I stopped only once on the way down. There was a smell, a weight, you could say, of honeysuckle on the air. It lasted only a moment and I could have been mistaken. I pressed on.

SHADOWS

The two of us are pedalling down the road. The light of the moon makes shadows under the trees, through which we pass, going fast. Robert is a little ahead of me, standing up
in his seat. On either side of his bike the dogs are running, Ben and Sheba, I can never tell the difference between them.

It’s lovely to be like this; him and me, with the warm air going over us like hands.

‘Oh,’ I say. ‘Oh, oh, oh …’

He turns, looking at me over his shoulder. ‘What?’ he calls.

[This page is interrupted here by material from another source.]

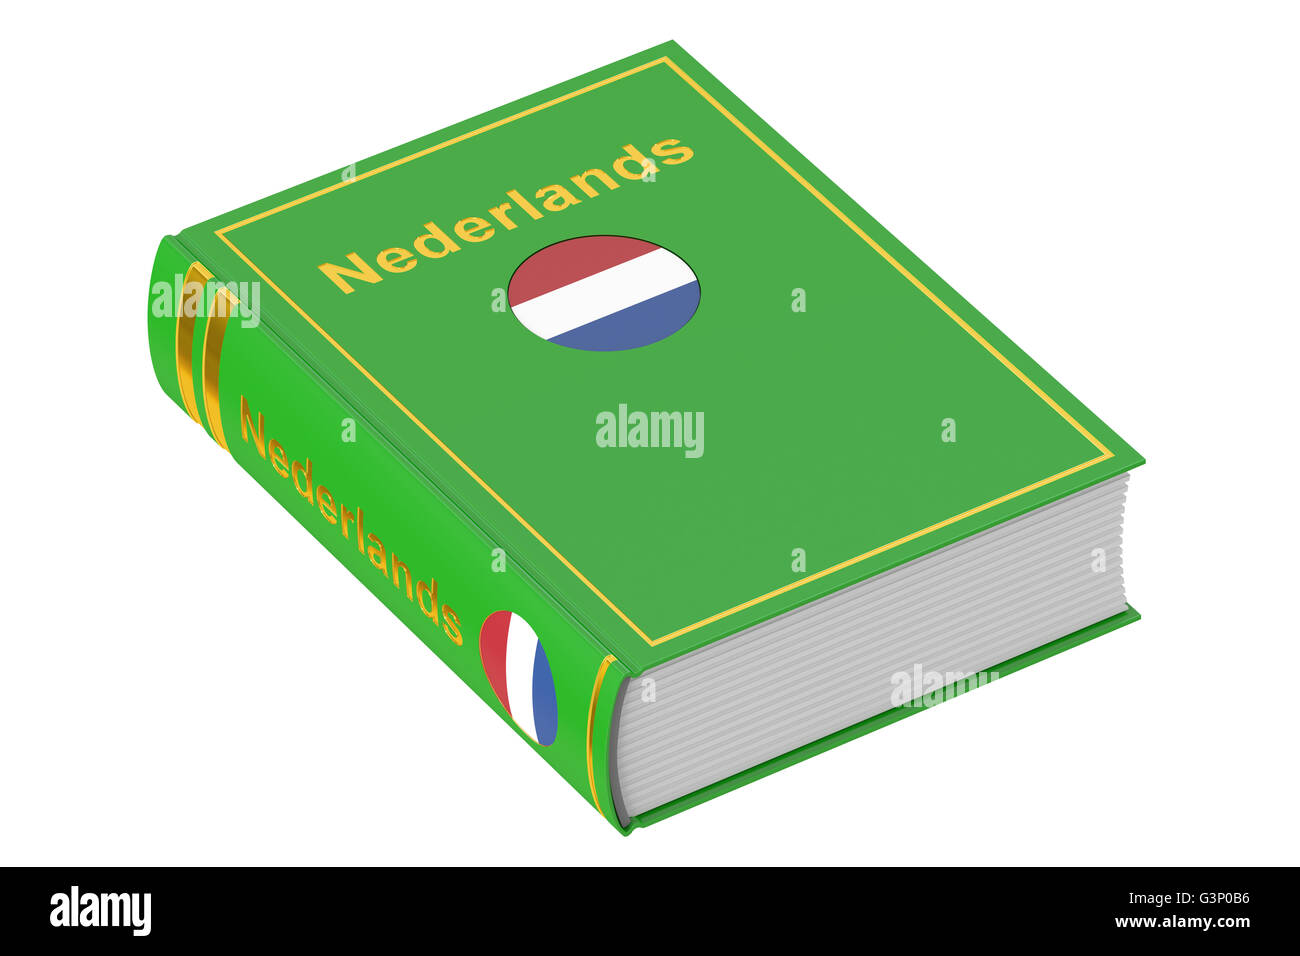 Netherlandish language textbook, 3D rendering isolated on white background Stock Photo

I shake my head at him. He turns away.

As we ride, I can see the round shape of the moon as it appears between the trees. With the angle of the road it’s off to the right, above the line of the slope. The sky around it is pale,
as if it’s been scrubbed too long. It hurts to look up.

It’s that moon we’re riding out to see. For two weeks now people have talked about nothing else. ‘The eclipse,’ they say. ‘Are you going to watch the
eclipse?’ I didn’t understand at first, but my father explained it to me. ‘The shadow of the earth,’ he says, ‘thrown across the moon.’ It’s awesome to
think of that, of the size of some shadows. When people ask me after this, I tell them, ‘Yes,’ I tell them. ‘I’m going to watch the eclipse.’

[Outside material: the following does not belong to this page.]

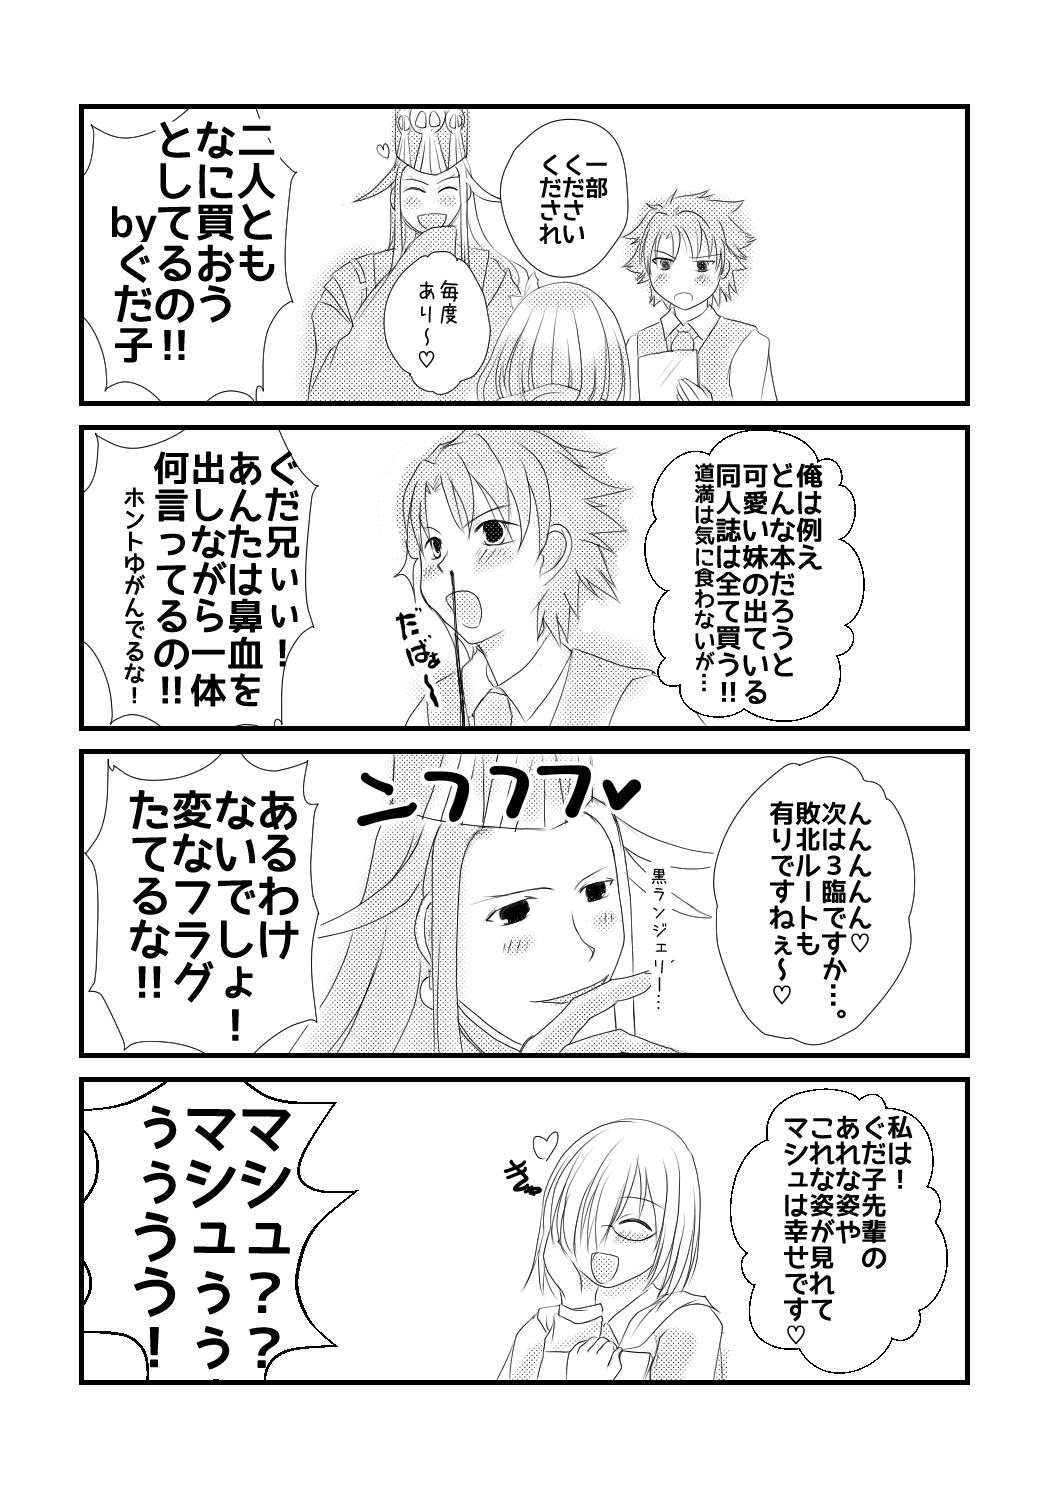 Fingers ] Rin guda ♀ rakugaki guda yuru manga(Fate/Grand Order] - Fate grand order Inked - Page 7

But this is Robert’s idea. A week ago he said to me, ‘D’you want to go down to the lake on Saturday night? We can watch the eclipse from there.’

‘Yes,’ I said. ‘We can do that.’

So we ride down towards the lake under the moon. On either side the dogs are running, making no sound in the heavy dust, their tongues trailing wetly from the corners of their mouths.

The road is beginning to slope down now as we come near to the lake. The ground on either side becomes higher, so that we’re cycling down between two shoulders of land. The forest is on
either side, not moving in the quiet air. It gives off a smell: thick and green. I breathe deeply, and my lungs are full of the raw, hairy scent of the jungle.